To verify whether dopamine plays a causal role in driving learning, the researchers used optogenetics to turn dopamine neurons ON and OFF. First, they inhibited dopamine release, which showed that dopamine was necessary to learn the task. Secondly, they stimulated dopamine release with an excitatory opsin, which confirmed the partial reward prediction error hypothesis.

Using neural networks to understand long-term learning rules

The team used a deep neural network model to capture the mice's learning trajectories. The network was trained with teaching signals that mimicked the recorded dopamine and thus updated parameters based on partial reward prediction errors.

“We essentially showed that when we train a deep neural network with this learning rule on the same task, it reproduces the evolving behaviour of the mice and also the patterns of dopamine release,” explained Dr Liebana.

The team also demonstrated that the learning rule can be written as gradient descent on a particular loss. This helped them to understand the learning mechanism and analyse long-term learning from a theoretical perspective. They found that the learning dynamics are governed by a hierarchy of saddle points, in the vicinity of which learning temporarily slows down.

The saddle points explained the mice's diverse progression through strategies, as well as why mice often remained stuck using certain strategies.

Figure 4: Schematic of the deep neural network model and hierarchy of saddle points that governed the diverse yet systematic learning dynamics.

Implications for education, AI and maladaptive behaviour.

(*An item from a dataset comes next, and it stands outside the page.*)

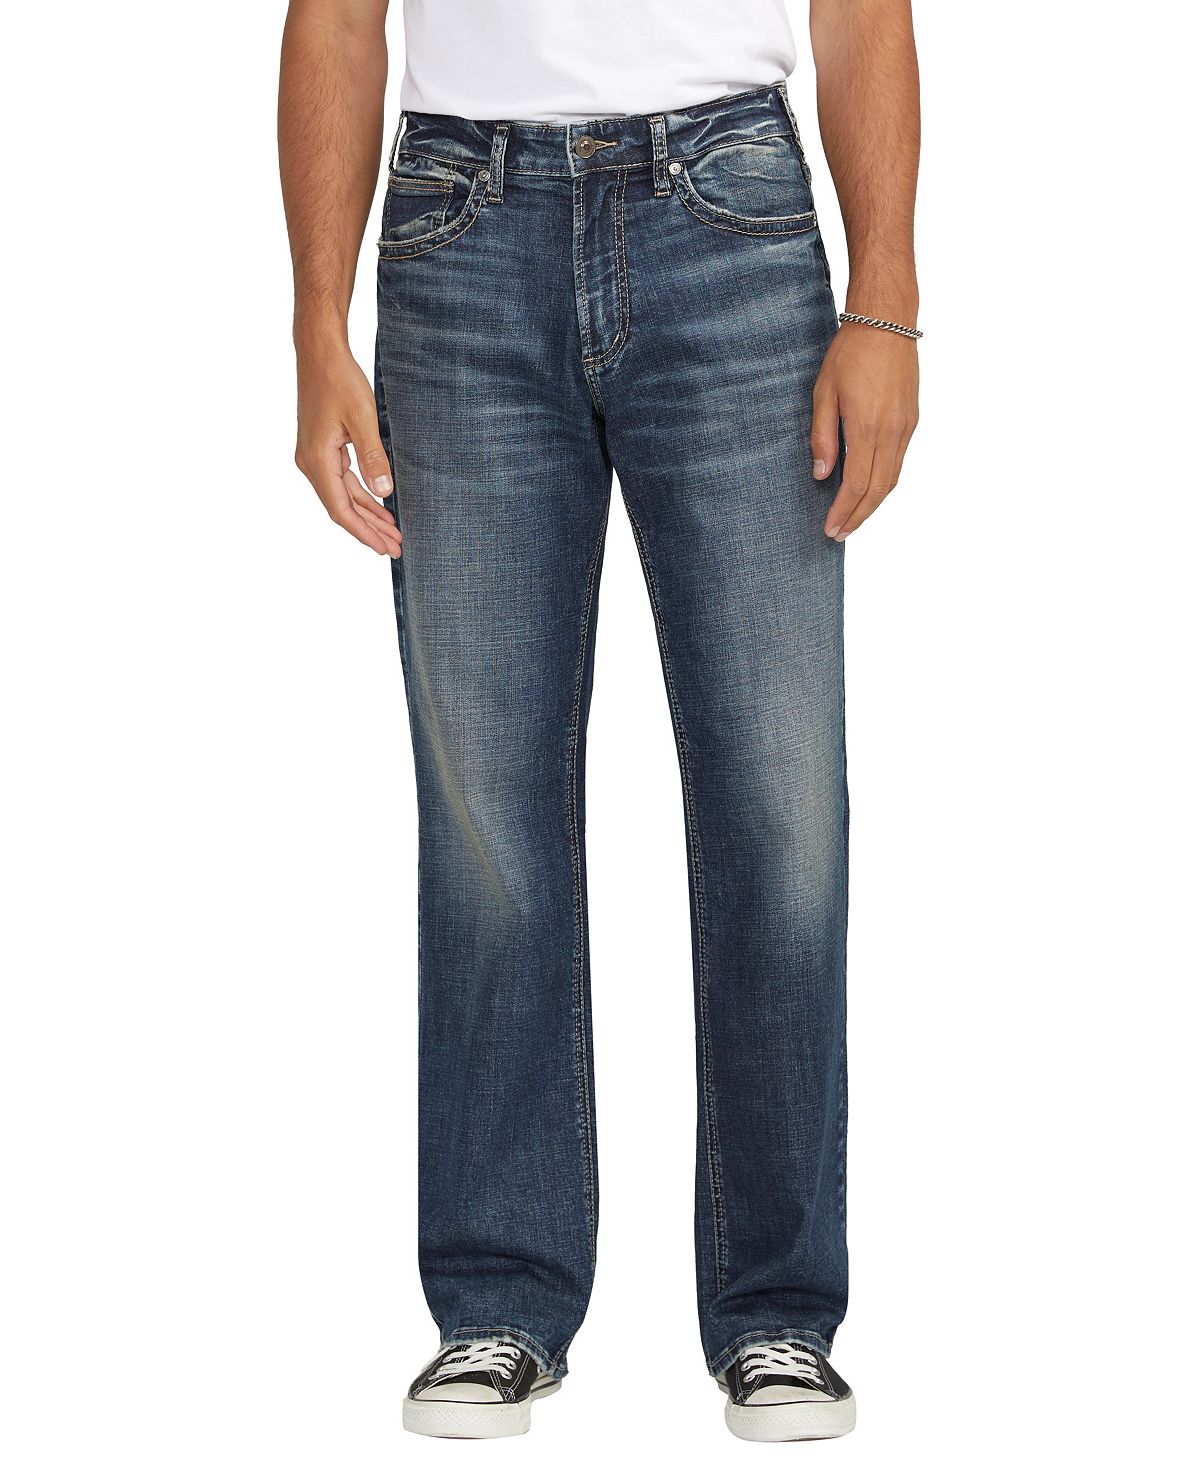 Мужские прямые джинсы свободного покроя Gordie Silver Jeans Co.

The team are now exploring why the brain's learning mechanism may be governed by saddle points. One idea is that they allow complex tasks to be divided into smaller digestible chunks, which can be learnt and consolidated before moving on to the next.

“I hope that by understanding more about the saddle points in learning trajectories, we may one day be able to help design educational curricula that lead people down the quickest path to learning, or to effectively learn specific styles,” concluded Dr Liebana.

In addition to possible educational implications, the study could offer potential improvements for AI. Understanding the learning dynamics of neural networks through their saddle points could considerably improve training algorithms. Further, the dopamine-based learning rule proposed in the study differs from those commonly used to train neural networks, yet it possesses unique features that could prove useful in certain settings.

Finally, the results demonstrate that there exist a multitude of dopaminergic teaching signals in the brain which each modify different components of behaviour. This knowledge could help target diagnostic and therapeutic approaches to help in the correction of maladaptive behaviour and other disorders involving dopamine.